Another incident with a bomb also took out some of Kelley’s fellow soldiers as they marched through Bastogne, Belgium.
“We stopped and there was a Russian boy laying out there and there was a German luger laying not far from his hand,” Kelley said. “The kid behind me tapped me on my shoulder and said ‘I’d like to have that luger. Would you go get it for me. I said ‘no if you want it, go get it yourself.’ He just touched it and it blew him up. That taught the rest of them not to pick up nothing.”
Kelley said he saw a lot of death during his two years in the war, with most of that being during the Battle of the Bulge.
“We lost 19,000 in the Battle of the Bulge in my unit alone,” Kelley said. “I was in the battle from the start to the finish, and it’s always scary wondering if you were next.

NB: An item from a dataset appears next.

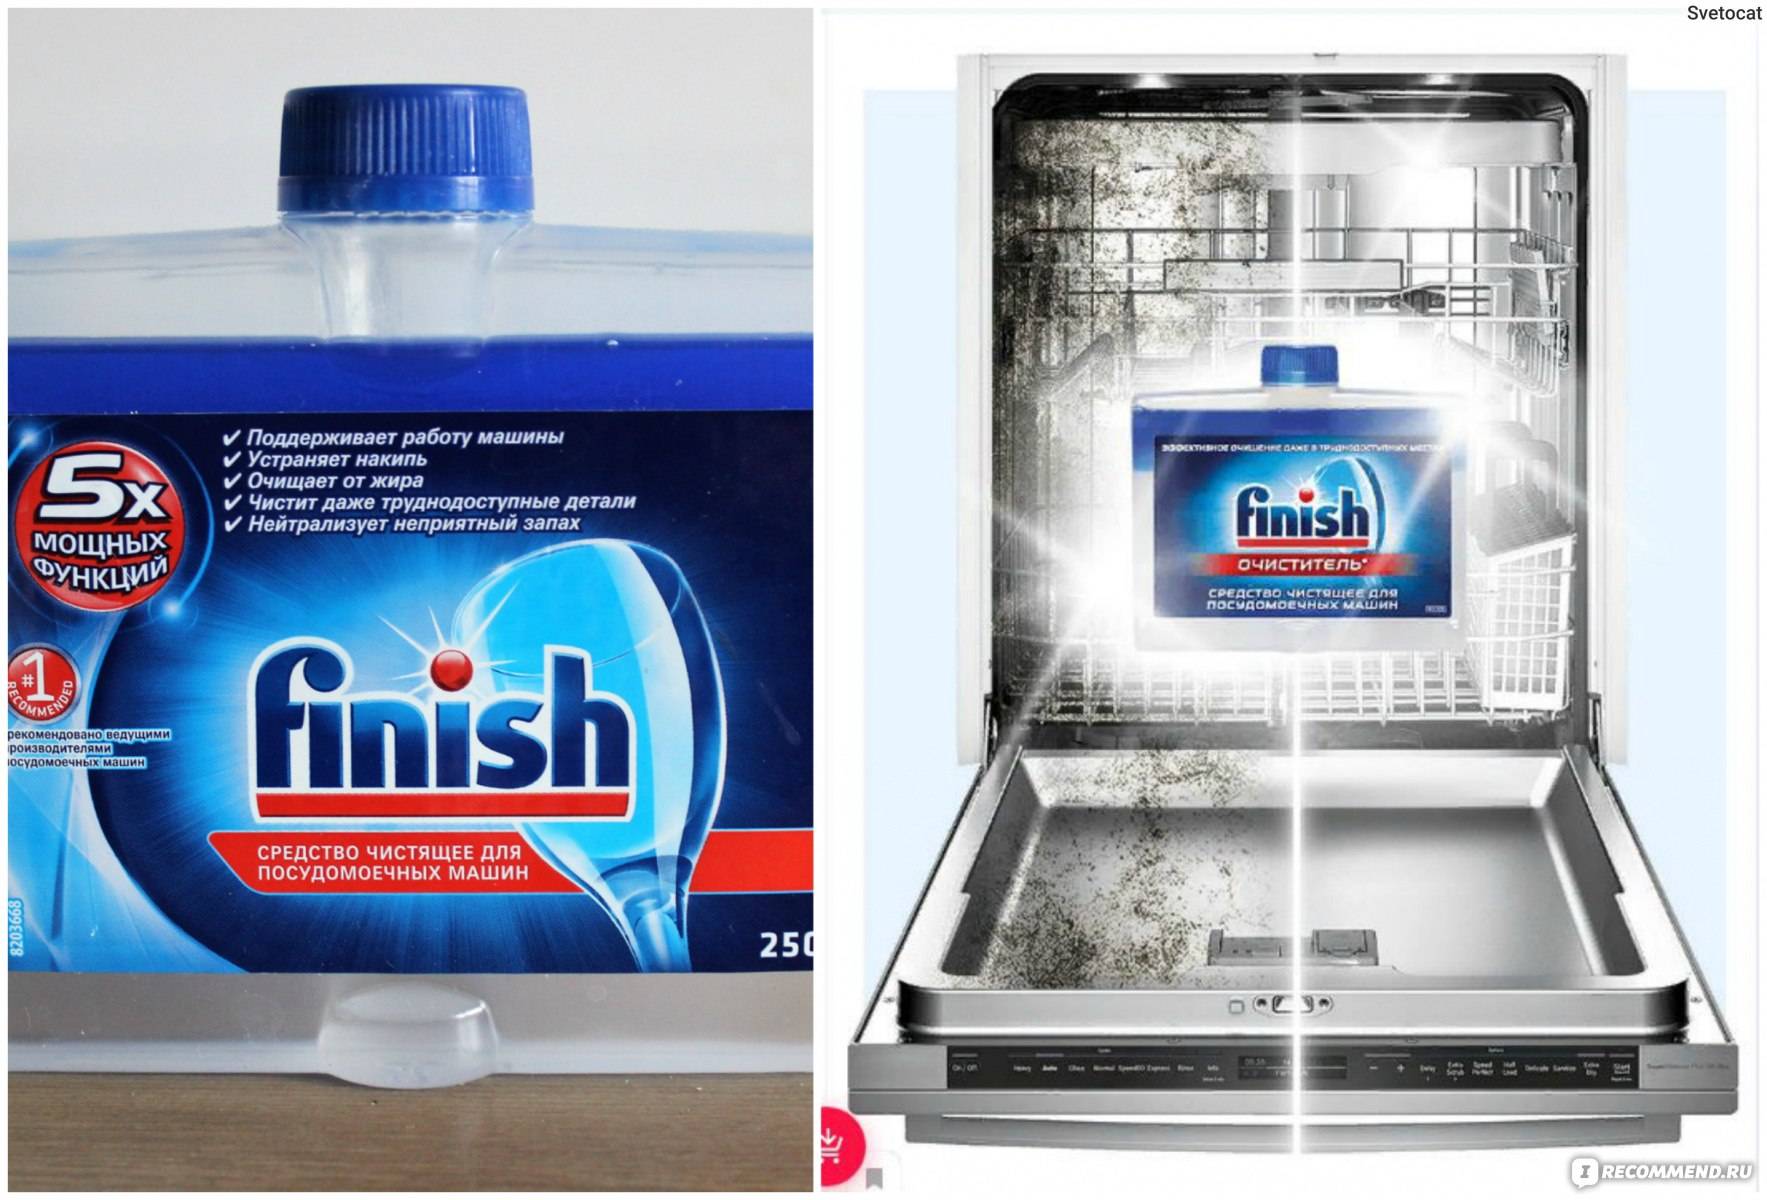 Сколько моет посудомоечная машина. Реклама посудомоечной машины. Очиститель для посудомоечных машин finish. Чистка посудомоечной машины. Finish для посудомоечных машин реклама.

We lost a lot of boys. I was one of the lucky ones.”
Kelley said of course he never got hit but he saw many shot down right beside him.
“When I came back, they put us in gliders, and I got a new gun because our first gun was torn up by screaming mimis (German WWII rocket artillery),” Kelley said. “I was to shoot the tracks on the tank so they couldn’t move. When we crossed the Rhine River they had hedge rows instead of a fence, it was like trees and our glider hit that.”
Kelley said the accident was due to bad weather with really high winds.
“When we hit that, it killed both pilots,” Kelley said. “Our jeep driver came and pulled us out, but he had to knock out the back windows because it was so tangled in the trees.”
Kelley said the 513th Parachute Infantry jumped across the Rhine River ahead of them, and when he arrived many were still hanging in trees.
“We were glad to be on the ground,” Kelley said. “It was a terrible life. I will tell you that. I am surprised I lived this long through it. I think about it all the time.”
Kelley said they went ahead and joined the infantry walking all the way to Berlin on a mission to get Adolf Hitler.
“I never saw a German tank,” Kelley said. We had them on the run. I didn’t see another German soldier until they arrived in Berlin.”
Kelley said it was a long walk from the Rhine River to Berlin, but when they arrived, about a block or so from where Hitler was hiding out, they stopped.
“I was one of the three boys from my troop that went in from there to get Hitler,” Kelley said. “There were three Russian boys that came in and met us out there about a block from where he was. We could see where the place was. We had a field radio and when we got so far they told us to stop.”
Kelley said all of them stopped, and after five minutes or so, a voice on the radio said “Come back to the unit. The war is over.”
“That was how fast it ended,” Kelley said. “We saw them taking him (Hitler) out with a sheet over him to the ambulance that took him away. That’s how it ended. The war was over.”
Kelley said it was a good feeling to be able to walk back to the unit and know it was all over.
“It was enough for me,” Kelley said. “1943 I went in and came out in 1945.”
Kelley said he took the Queen Mary three months later from England to New York were the soldiers marched in a 26-mile parade down 5th Avenue in full gear with their packs in the winter cold.
“Just like we went in, we came back that way,” Kelley said.
After the parade Kelley was taken to the train station where he rode back to St. Louis to be discharged on Jan. 18, 1946. Just six short months after his return, Kelley married his wife Alamae and the couple had 64 wonderful years together.
As Kelley approaches his 95th birthday in May, he said he is planning to live to 100, but that he may make a different decision once he reaches that milestone.

John Raymond Kelley, 94, shares his stories from World War II.

John Kelley is pictured in his military uniform in the 1940s.

Pictured is John Kelley’s military uniform from World War II.

This patch on John Kelley’s WWII uniform represents the 17th Airborne.

John Kelley’s dog tags made it home along with Kelley himself.